• **COLLECTED MATERIAL**:
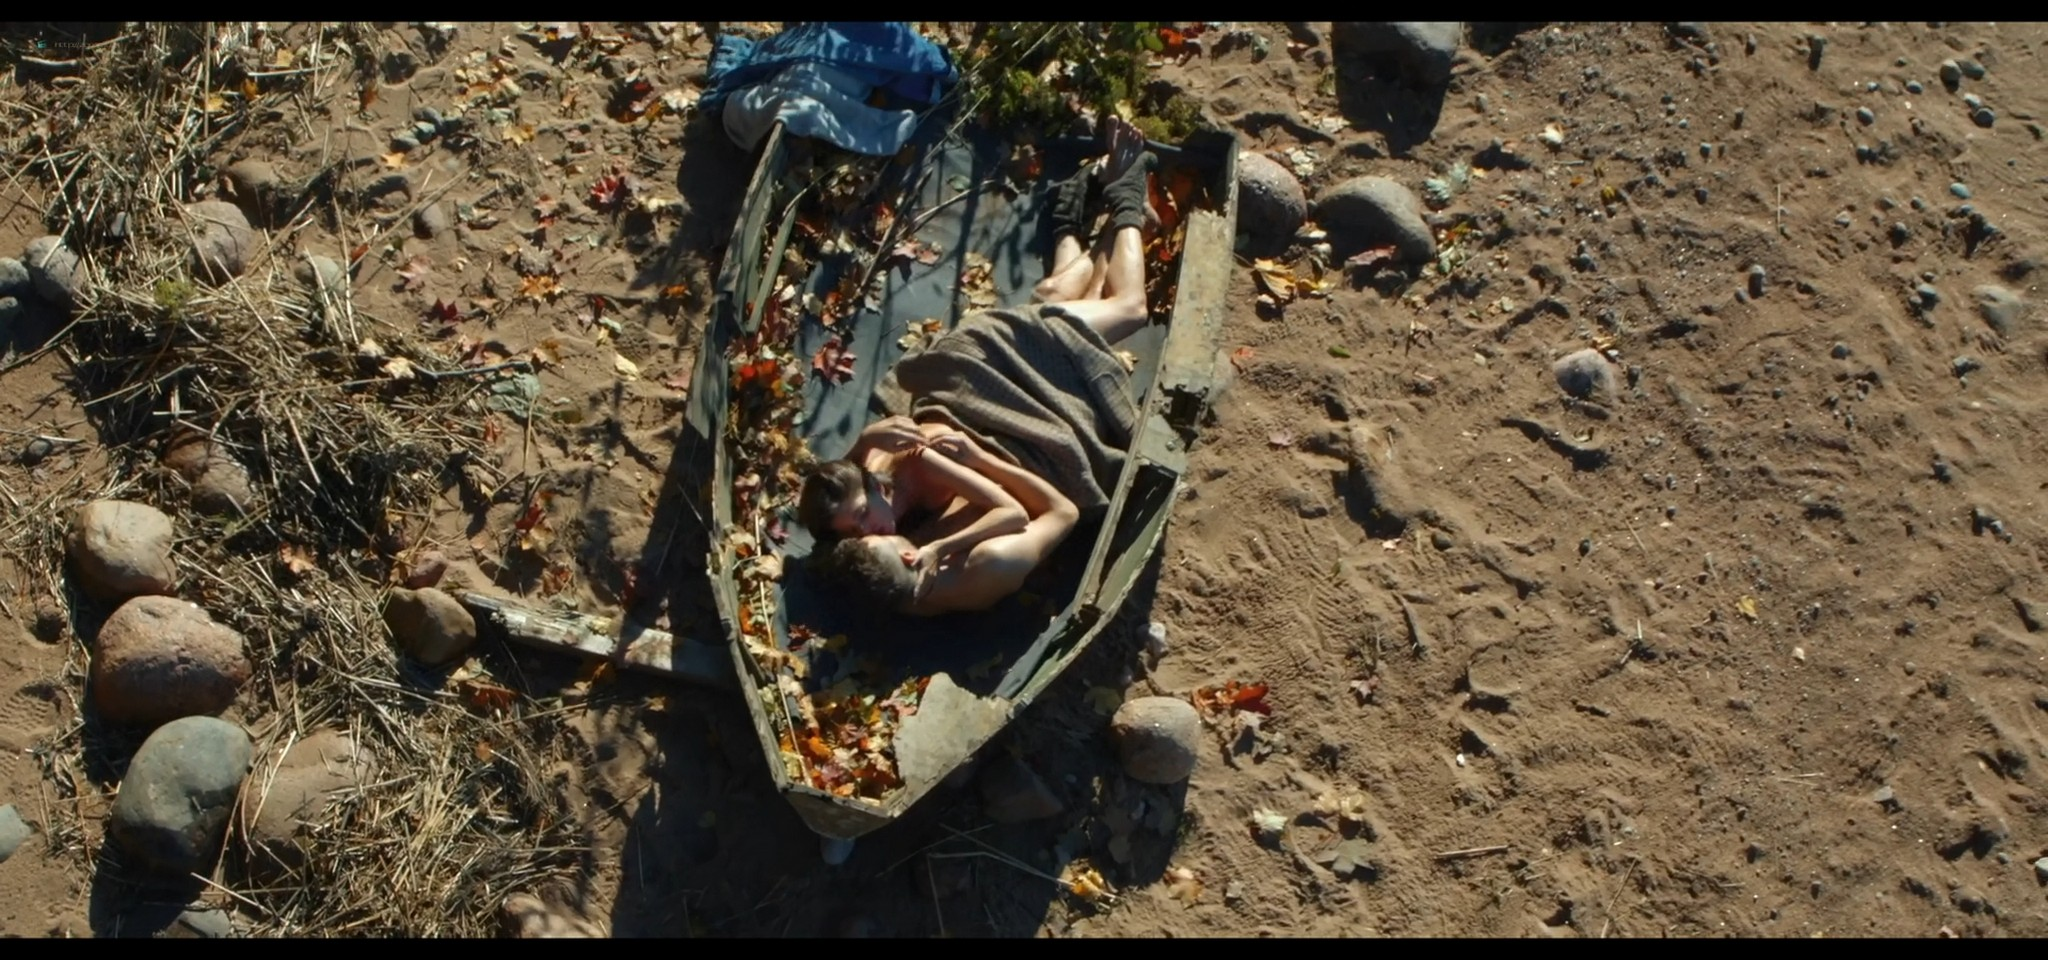 Yulia Snigir hot and some sex Anna Chipovskaya, Yuliya Peresild sexy - The End of the Season (2019) HD 1080p Web (2)
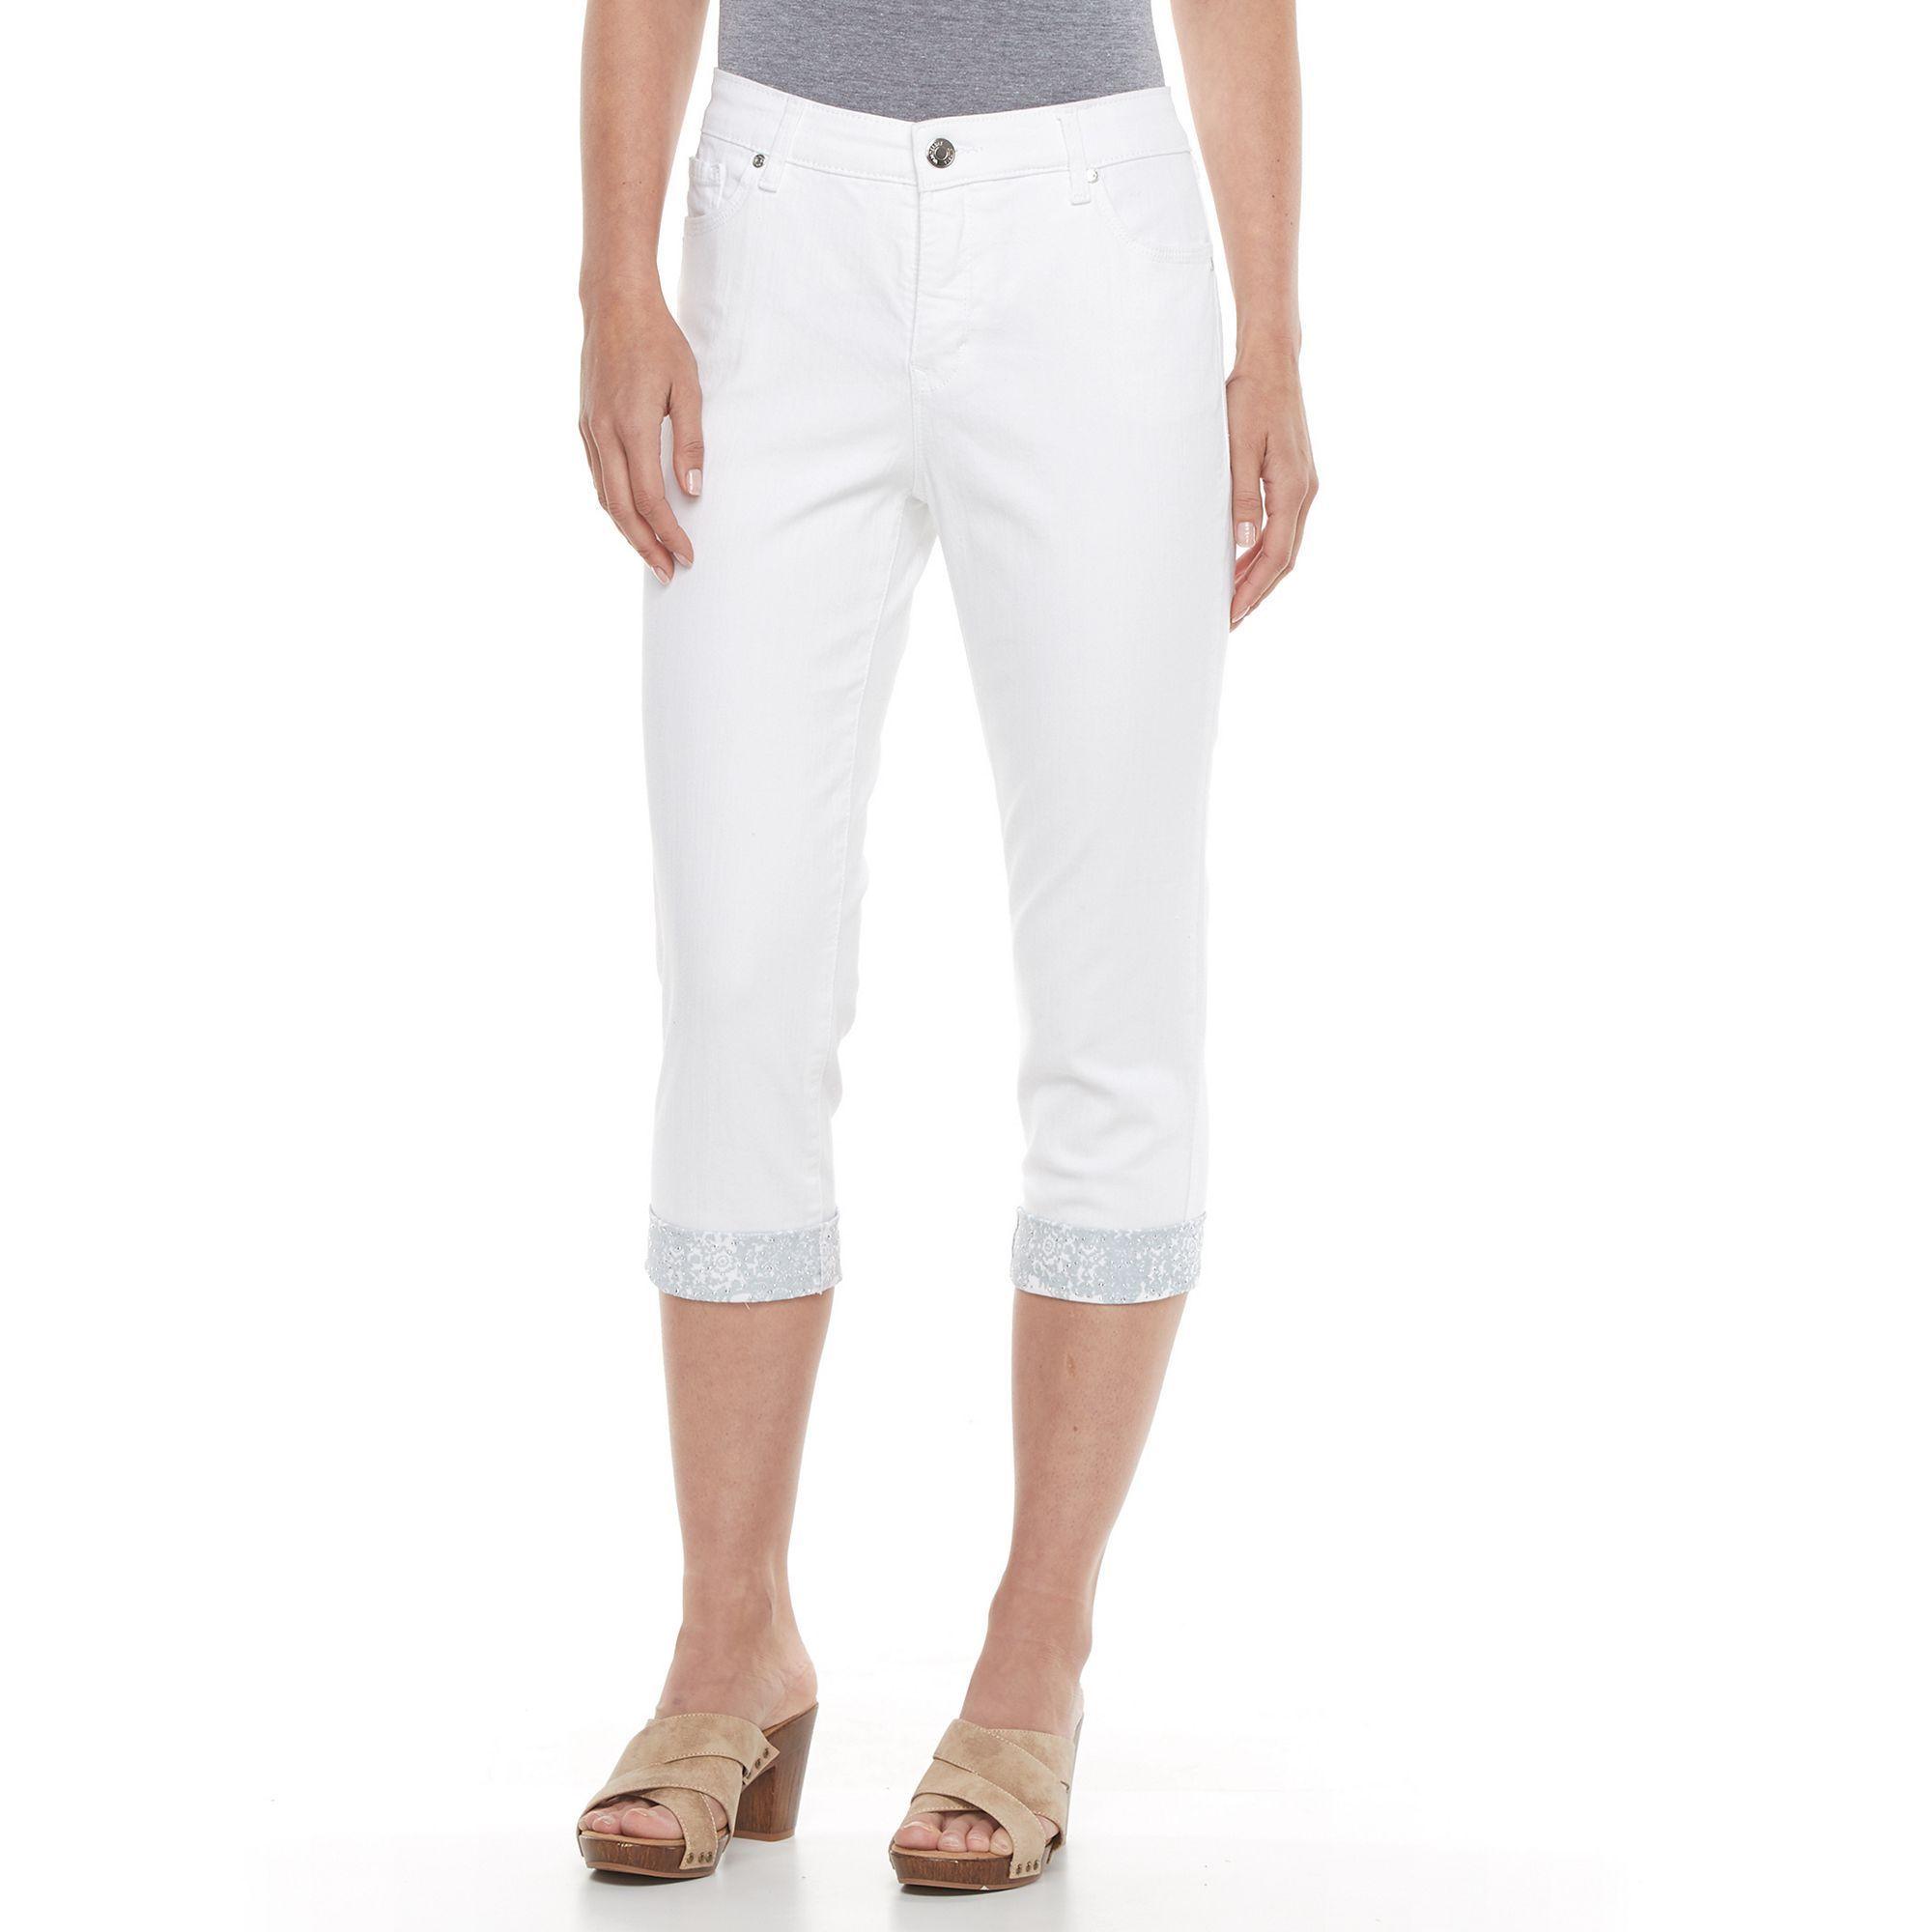 dbe54c175fe Women's Gloria Vanderbilt Jordyn Embellished Capri Jeans, Size: 12, White
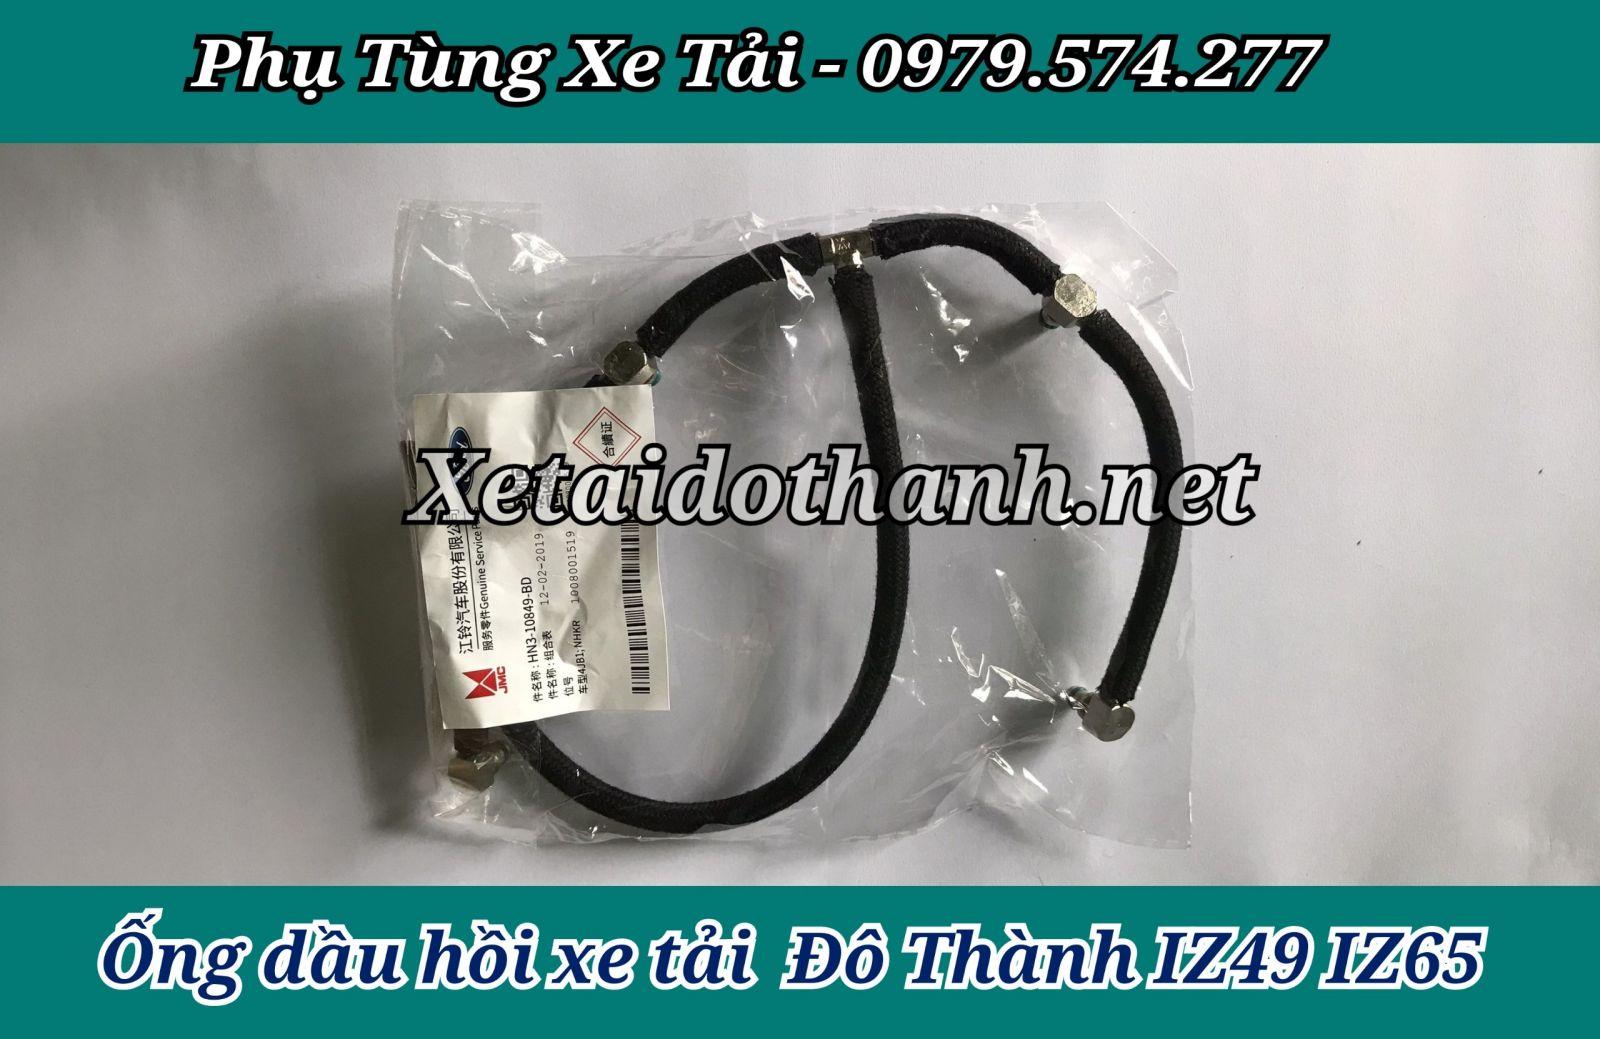 ONG DAU HOI XE IZ49
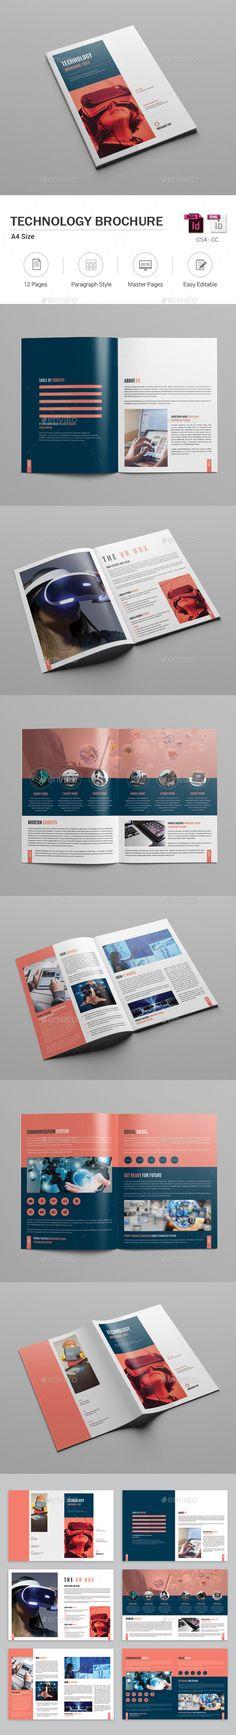 Corporate Bi-Fold Brochure Brochures and Brochure template - technology brochure template

• **AIM OF THE TASK**: Please copy the data above exactly, omitting the pictures.

• **REPLY TO THE EXERCISE**:
 Yulia Snigir hot and some sex Anna Chipovskaya, Yuliya Peresild sexy - The End of the Season (2019) HD 1080p Web (2)
 dbe54c175fe Women's Gloria Vanderbilt Jordyn Embellished Capri Jeans, Size: 12, White
 ONG DAU HOI XE IZ49
 Corporate Bi-Fold Brochure Brochures and Brochure template - technology brochure template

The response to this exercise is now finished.